▸ **Given material**

--------------------

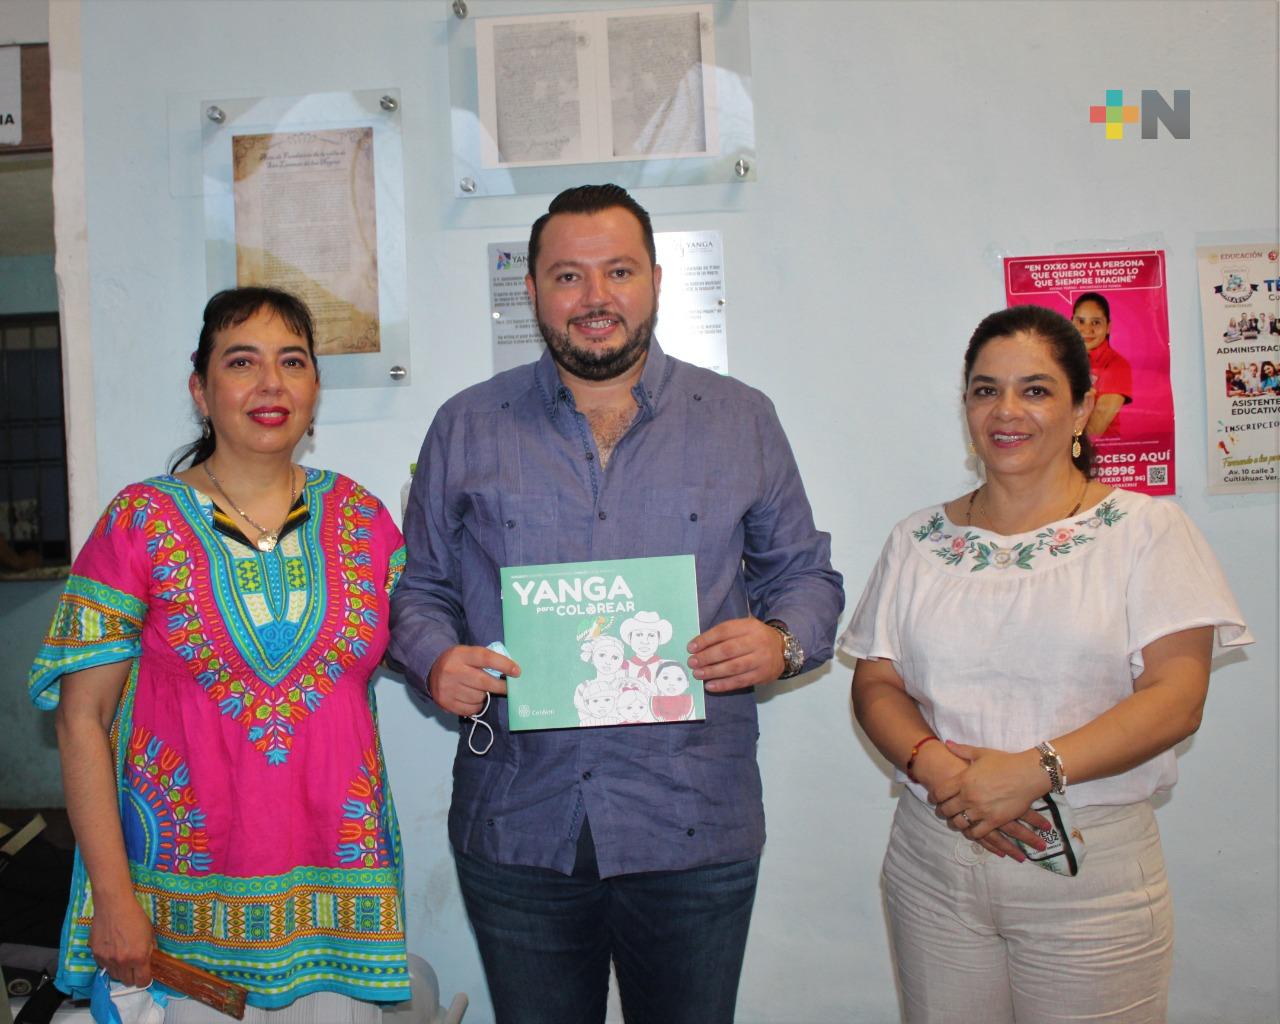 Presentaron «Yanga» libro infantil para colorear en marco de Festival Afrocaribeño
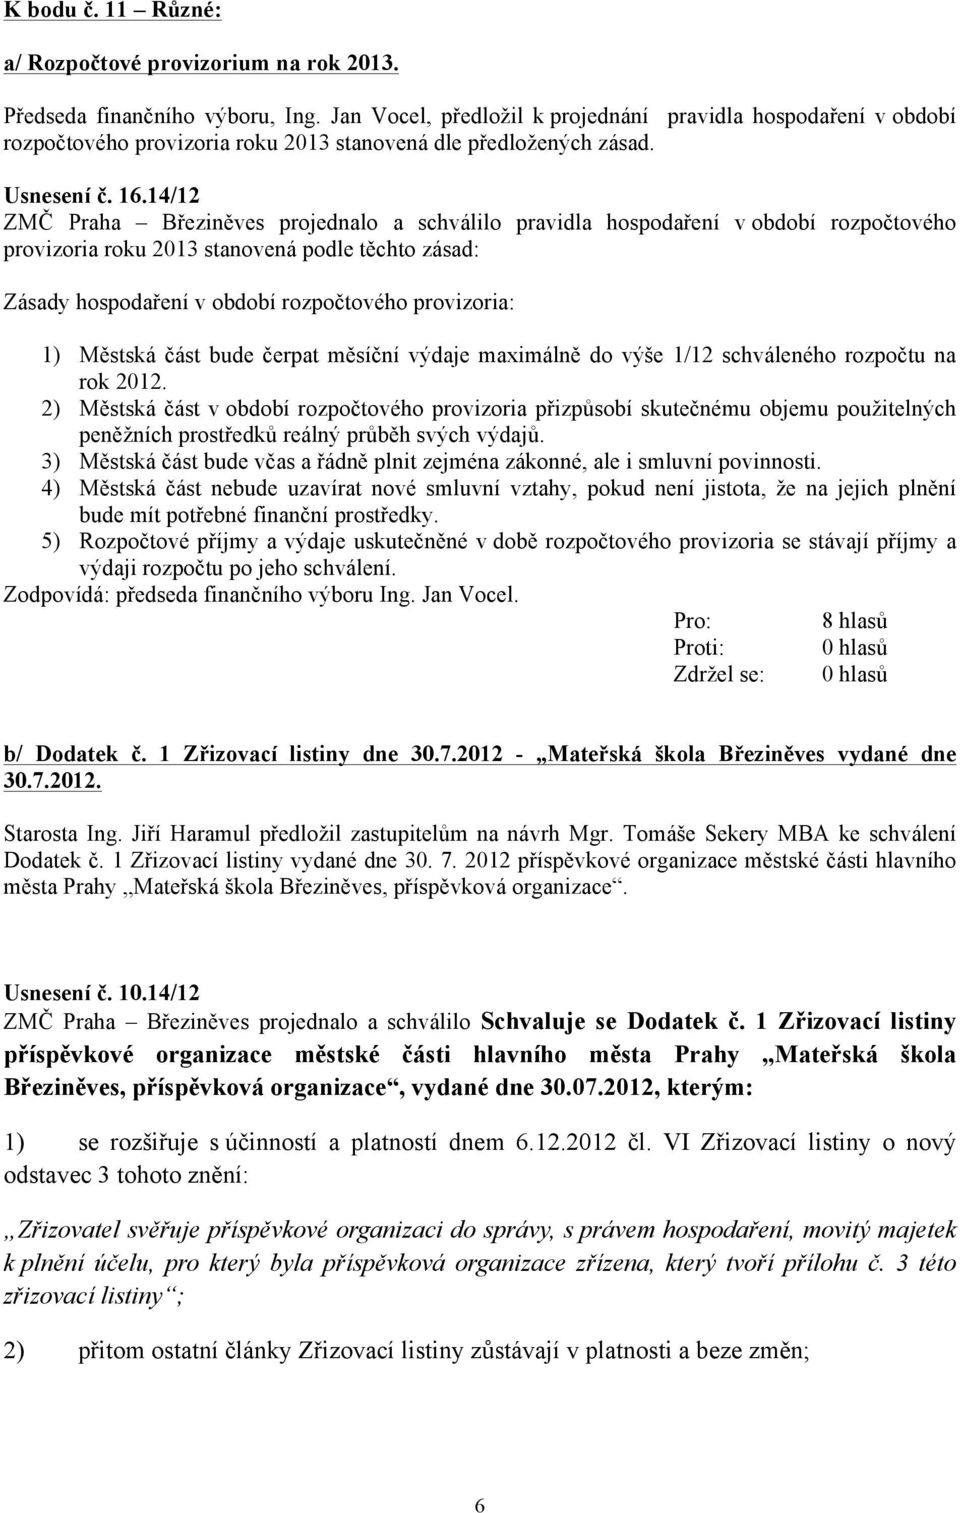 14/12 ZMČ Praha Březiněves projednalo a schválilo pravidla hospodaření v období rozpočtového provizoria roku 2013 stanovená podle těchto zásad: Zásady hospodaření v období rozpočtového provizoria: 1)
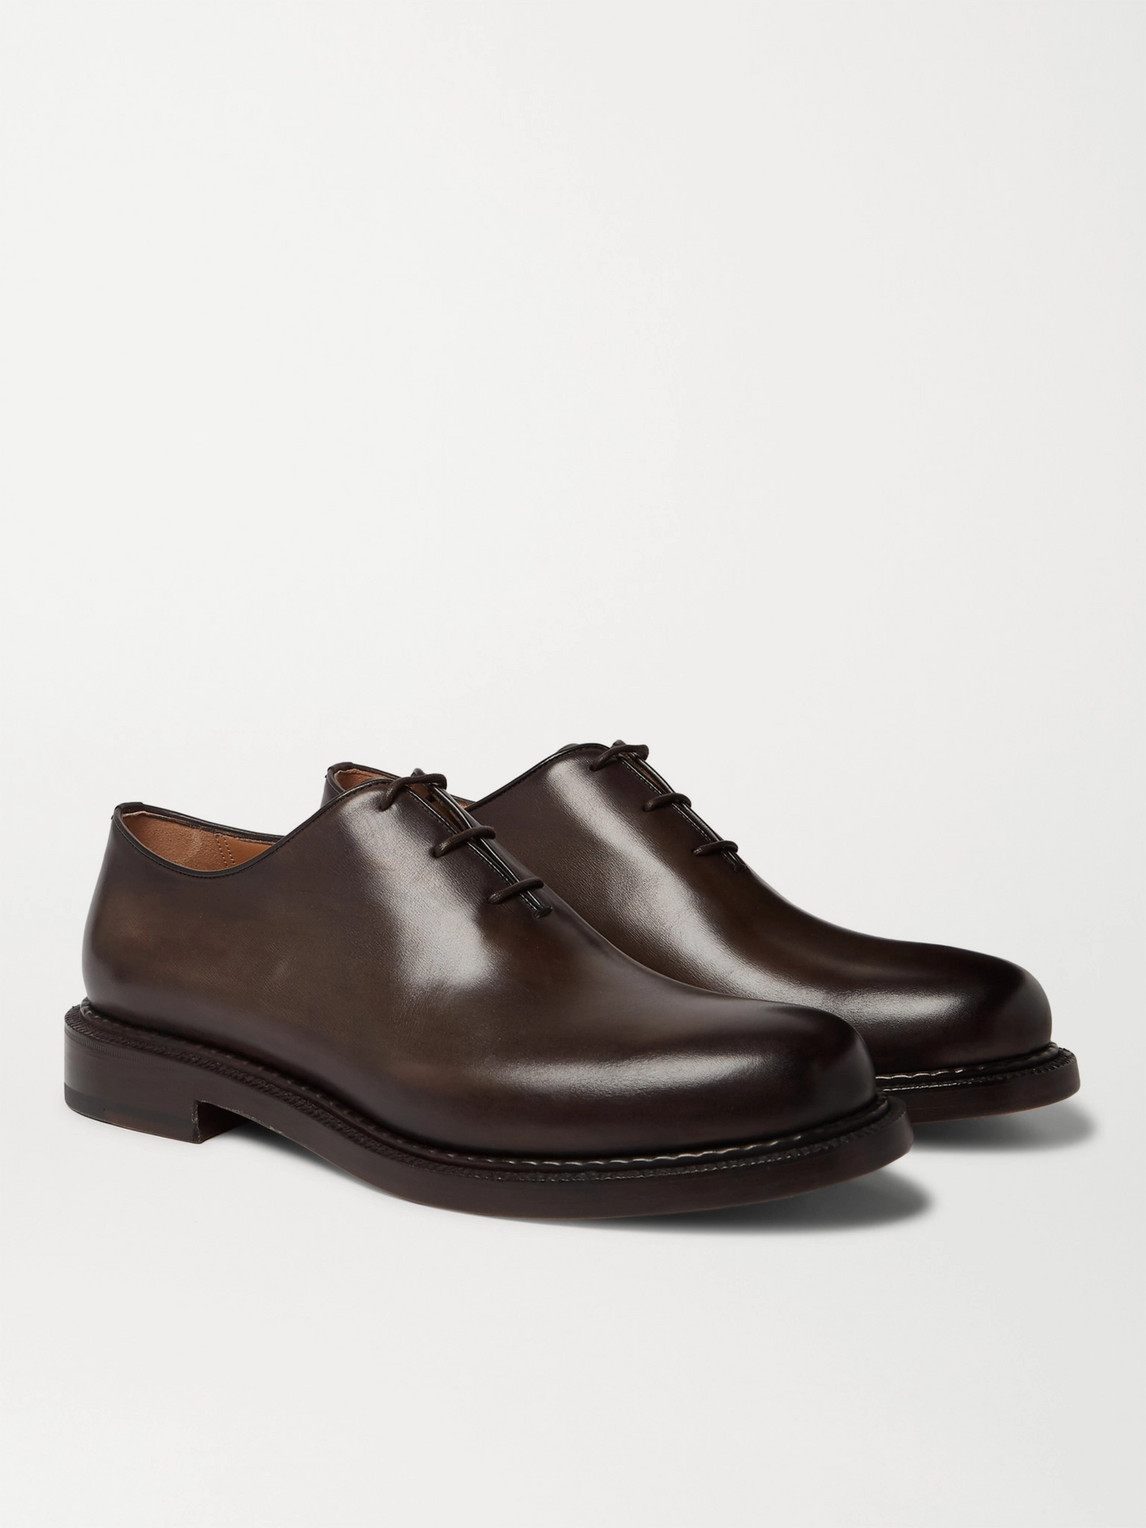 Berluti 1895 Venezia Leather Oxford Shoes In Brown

--------------------

▸ **Problem to solve**
Would you please write out exactly the lines between the line containing "14/12 ZMČ Praha" and the last line of the listing above, inclusive, without pictures?

▸ **Task result**
 14/12 ZMČ Praha Březiněves projednalo a schválilo pravidla hospodaření v období rozpočtového provizoria roku 2013 stanovená podle těchto zásad: Zásady hospodaření v období rozpočtového provizoria: 1)
 Berluti 1895 Venezia Leather Oxford Shoes In Brown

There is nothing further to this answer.